The task is to predict churn of telecom company customers.
This task is very important in practice and algorithms for solving it are used in real telecom companies, because if we know that the client is going to leave us, then we will try to keep him by offering some bonuses.
import os
import sys
import warnings
import numpy as np
import optuna
import pandas as pd
import seaborn as sns
from catboost import CatBoostClassifier, Pool, cv, metrics
from matplotlib import pyplot as plt
from sklearn.compose import ColumnTransformer
from sklearn.exceptions import ConvergenceWarning
from sklearn.impute import SimpleImputer
from sklearn.linear_model import LogisticRegression, LogisticRegressionCV
from sklearn.metrics import roc_auc_score
from sklearn.model_selection import GridSearchCV, train_test_split
from sklearn.pipeline import Pipeline, make_pipeline
from sklearn.preprocessing import LabelEncoder, OneHotEncoder, RobustScaler, StandardScaler
optuna.logging.set_verbosity(optuna.logging.WARNING)
sns.set(rc={"figure.dpi": 100, "savefig.dpi": 300})
sns.set_context("notebook")
sns.set_style("ticks")
ConvergenceWarning("ignore")
warnings.filterwarnings("ignore")
if not sys.warnoptions:
warnings.simplefilter("ignore")
os.environ["PYTHONWARNINGS"] = "ignore::UserWarning,ignore::ConvergenceWarning,ignore::RuntimeWarning"
%matplotlib inline
%config InlineBackend.figure_format='retina'
SEED = 42
In this case, we will use ROC-AUC. It can be calculated using only predicted probabilities and true classes without a specific classification threshold + it works even if the classes are highly unbalanced (there are dozens of times more examples of one class than examples of another).

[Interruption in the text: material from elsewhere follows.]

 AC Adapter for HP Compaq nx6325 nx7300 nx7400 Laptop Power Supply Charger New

That is why it is very convenient for competitions.
It is easy to calculate it:
y_true = [0, 1, 1, 0, 1]
y_predictions = [0.1, 0.9, 0.4, 0.6, 0.61]

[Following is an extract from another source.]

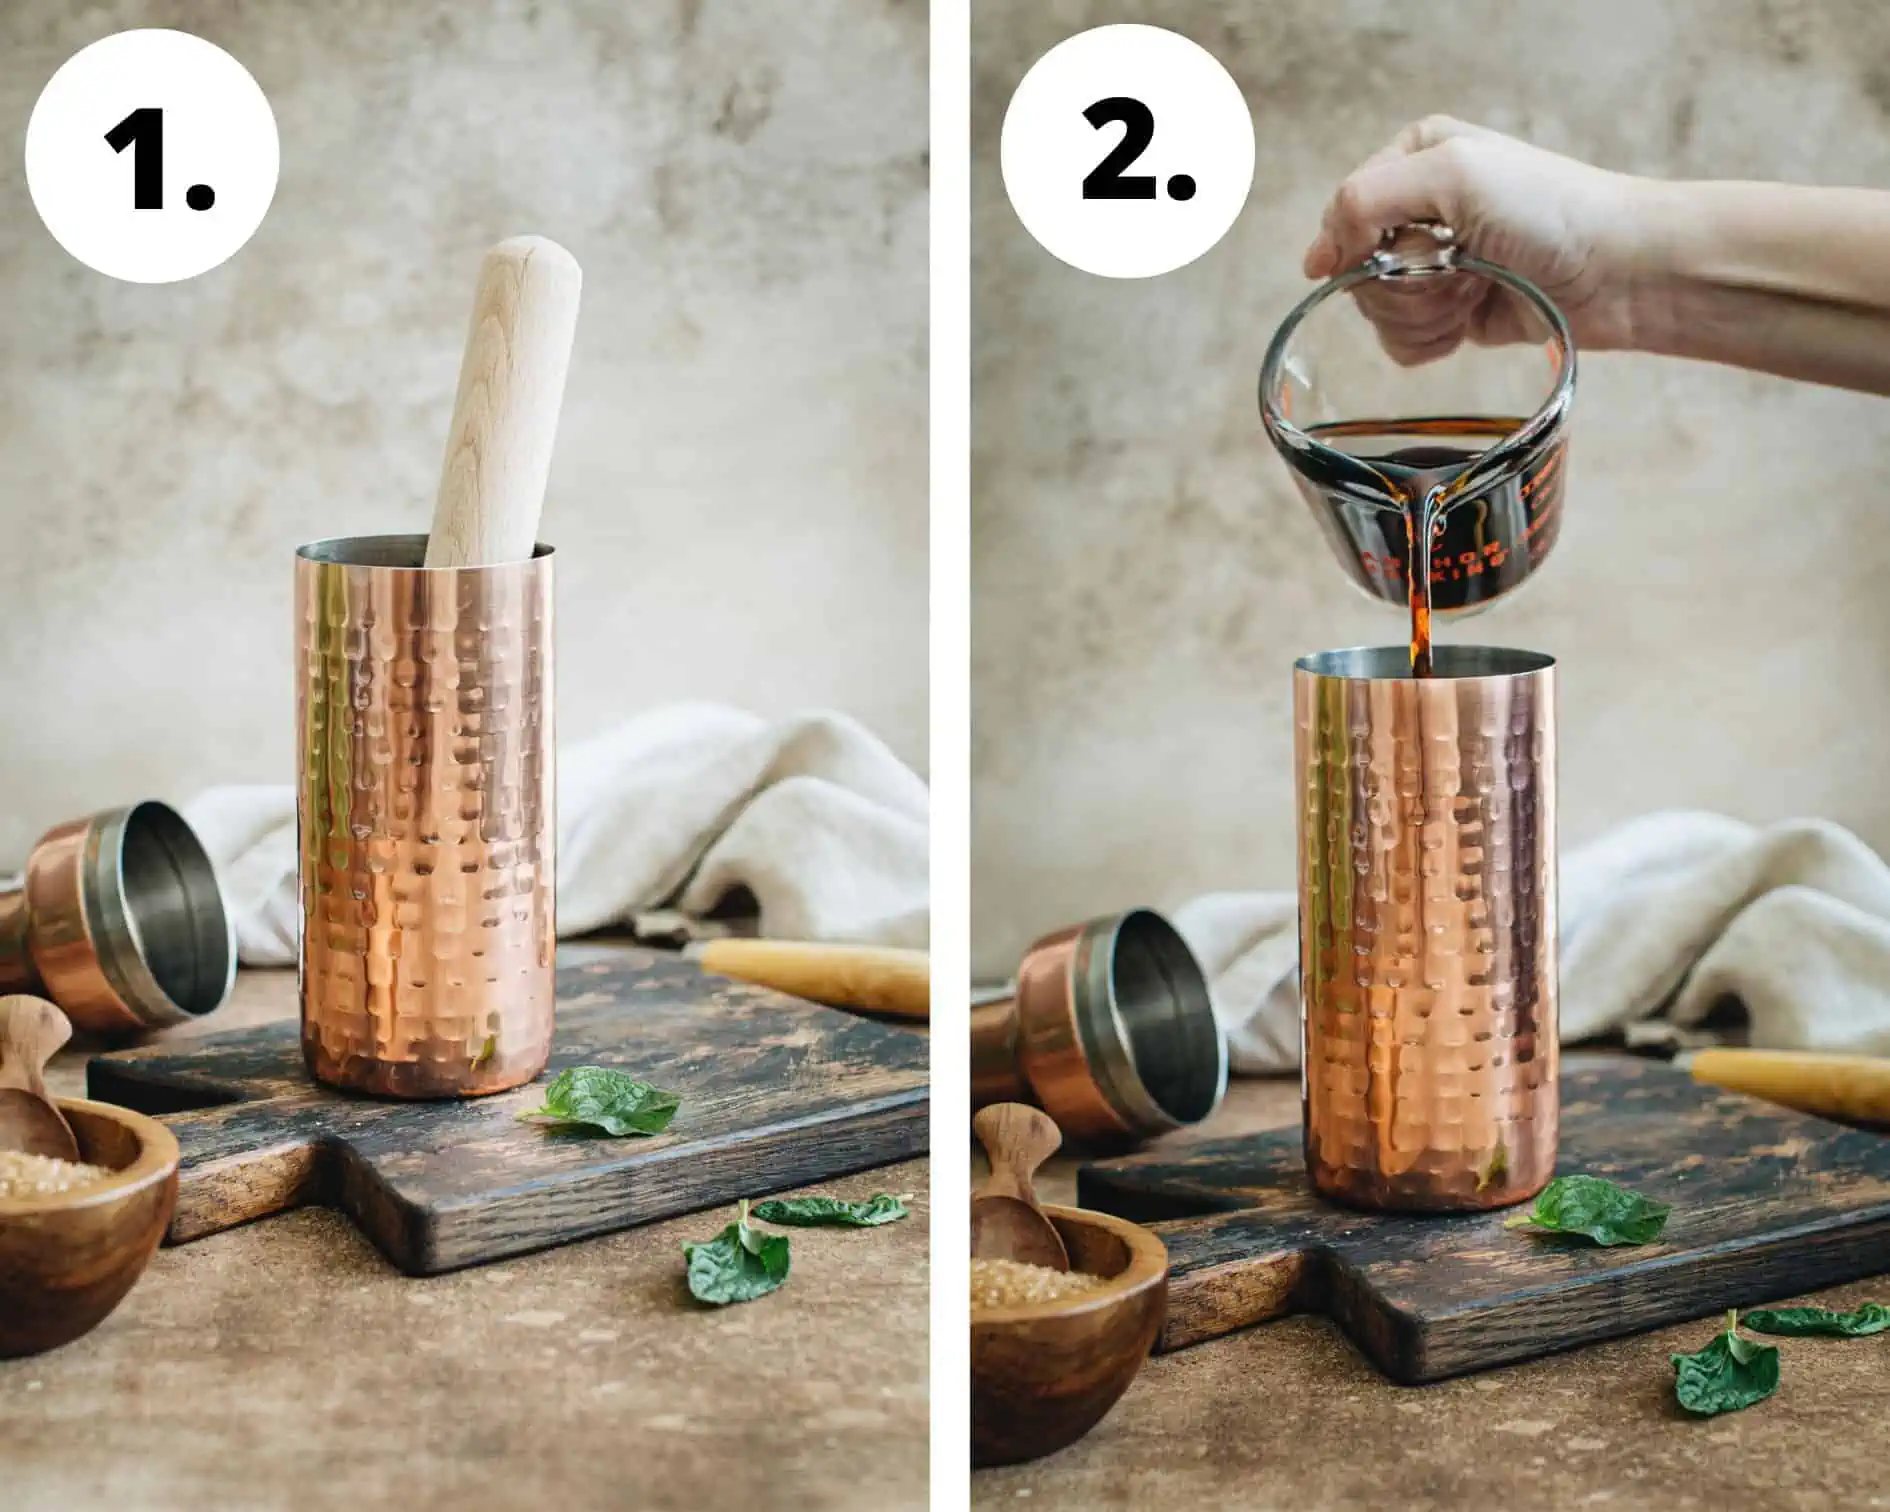 How to make a coffee mojito process steps 1 and 2.

roc_auc_score(y_true, y_predictions)
0.8333333333333333
data = pd.read_csv("./train.csv")
test = pd.read_csv("./test.csv")
This dataset contains numerical and categorical columns, which are listed below:
num_cols = ["ClientPeriod", "MonthlySpending", "TotalSpent"]
cat_cols = [
"Sex",
"IsSeniorCitizen",
"HasPartner",
"HasChild",
"HasPhoneService",
"HasMultiplePhoneNumbers",
"HasInternetService",
"HasOnlineSecurityService",
"HasOnlineBackup",
"HasDeviceProtection",
"HasTechSupportAccess",
"HasOnlineTV",
"HasMovieSubscription",
"HasContractPhone",
"IsBillingPaperless",
"PaymentMethod",
]
feature_cols = num_cols + cat_cols
target_col = "Churn"
This can be done using the df.sample(n=10, random_state=SEED)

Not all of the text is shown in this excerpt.